Determining compacted parameters in geotechnical projects is vital for ensuring soil stability, optimizing foundation designs, mitigating settlement issues, and guaranteeing the safety and longevity of structures built on or within the ground. For this reason, the prediction of those parameters is imperative for proactive planning, cost-effective execution, and minimizing project risks. This research aims to predict those parameters via employing the MARS (multivariate adaptive regression splines) model. Compared to other black-box machine learning models, the MARS model offers advantages such as flexibility in capturing non-linear relationships, automated interaction detection, fewer tuning parameters, and the capability to produce more interpretable results, making it particularly suitable for geotechnical applications where understanding the underlying behavior is as crucial as prediction accuracy.

The results obtained through this research indicate the following:

• Hyperparameter tuning of the MARS model significantly enhanced its predictive performance, reducing the error rate and refining the model’s adaptability to complex geotechnical data.
• The final optimal models for parameters w_opt and ρ_dmax were evaluated using five-fold cross-validation. The findings showed consistency and high accuracy across all folds, demonstrating the model’s robustness and reliability in estimating these critical parameters.
• Testing the models on unseen data (testing dataset) revealed that they maintained a commendable level of precision and generalization, further substantiating their efficacy for real-world applications in geotechnical projects.
• Comparing the MARS model with other state-of-the-art models, such as Multi Expression Programming (MEP), indicated that while both models exhibit strong predictive capabilities, MARS demonstrated faster convergence and better handling of non-linear relationships, offering a more efficient and robust alternative for geotechnical parameter prediction.
• Finally, the variable importance analysis revealed that the fine content (C_F) and plasticity limit (PL) are the most influential factors driving the predictive accuracy of the model, highlighting their pivotal role in determining the geotechnical properties under study.

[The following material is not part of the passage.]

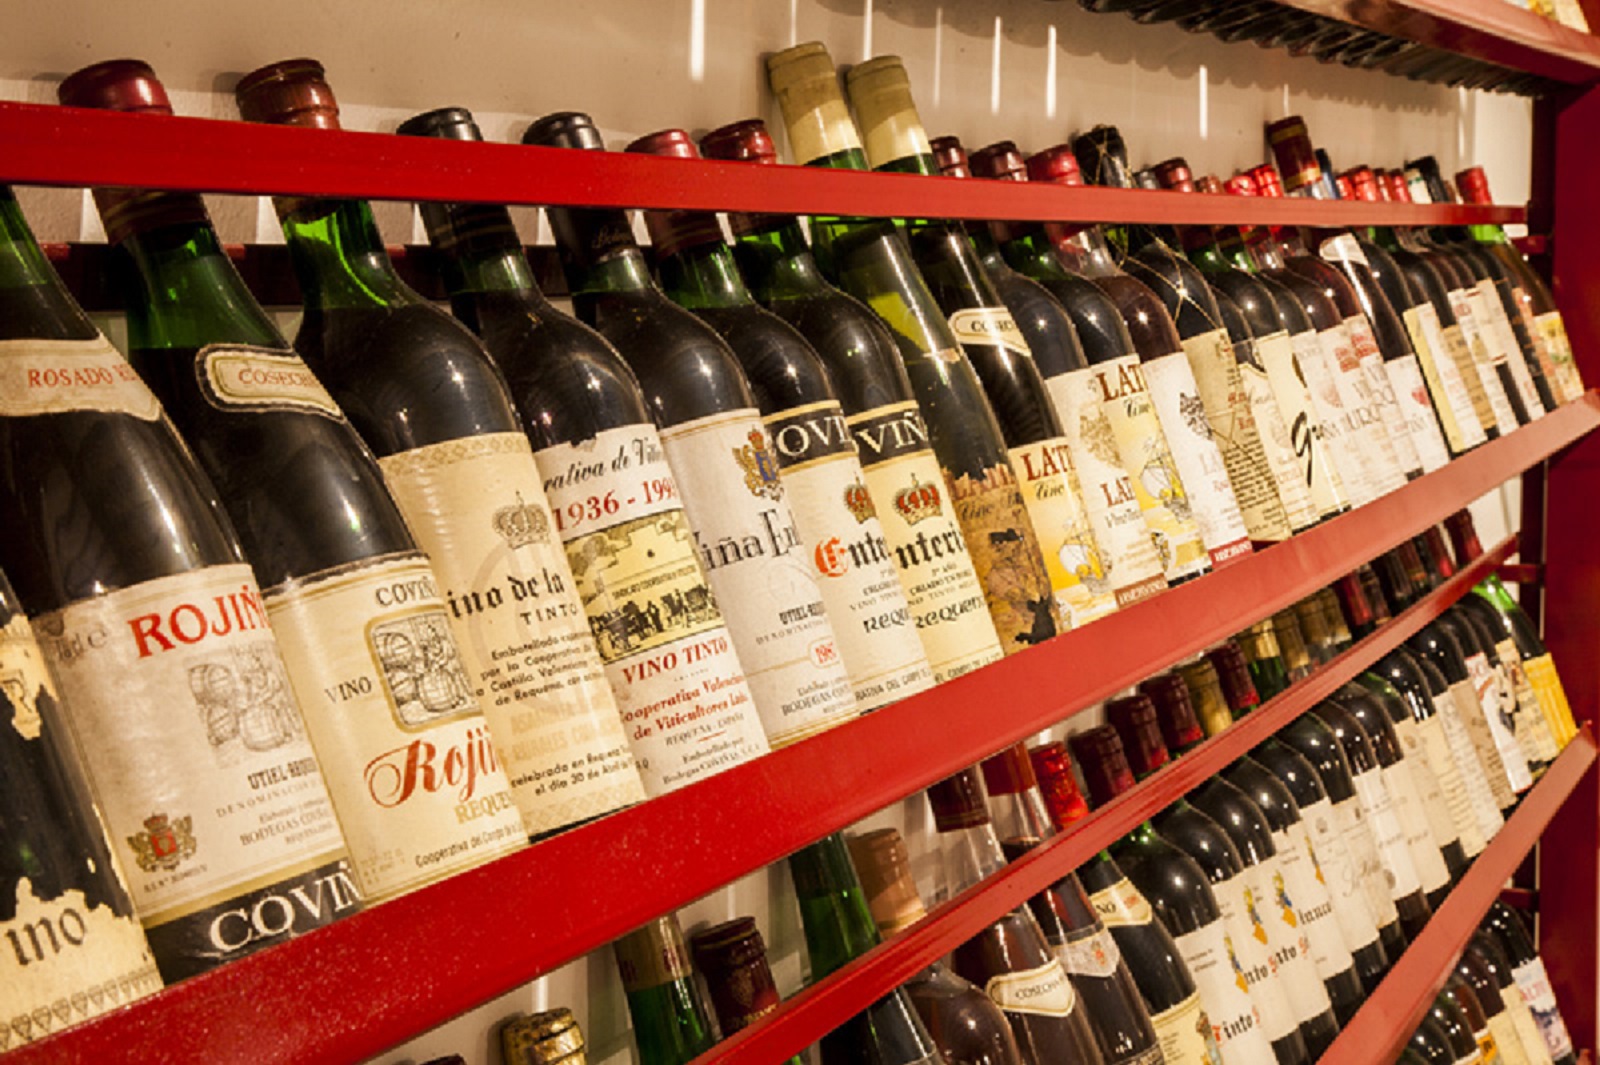 La DO Utiel-Requena vende 27,3 millones de botellas de vino en 2015, un 5,5% más que el año anterior

It is worth mentioning that ML research often presents inherent challenges and limitations. In this study, a notable limitation is the data sample size of 226 points. The model formulated in this research delivers the anticipated accuracy when analogous input parameters are subsequently applied. However, errors may arise in the analysis if the same parameters are used but lie outside our established range. Gathering more experimental data in the future is essential to enhance the model’s generalization capabilities. Upcoming studies will explore the potential of advanced ML techniques, such as deep learning, in predicting w_opt and ρ_dmax values.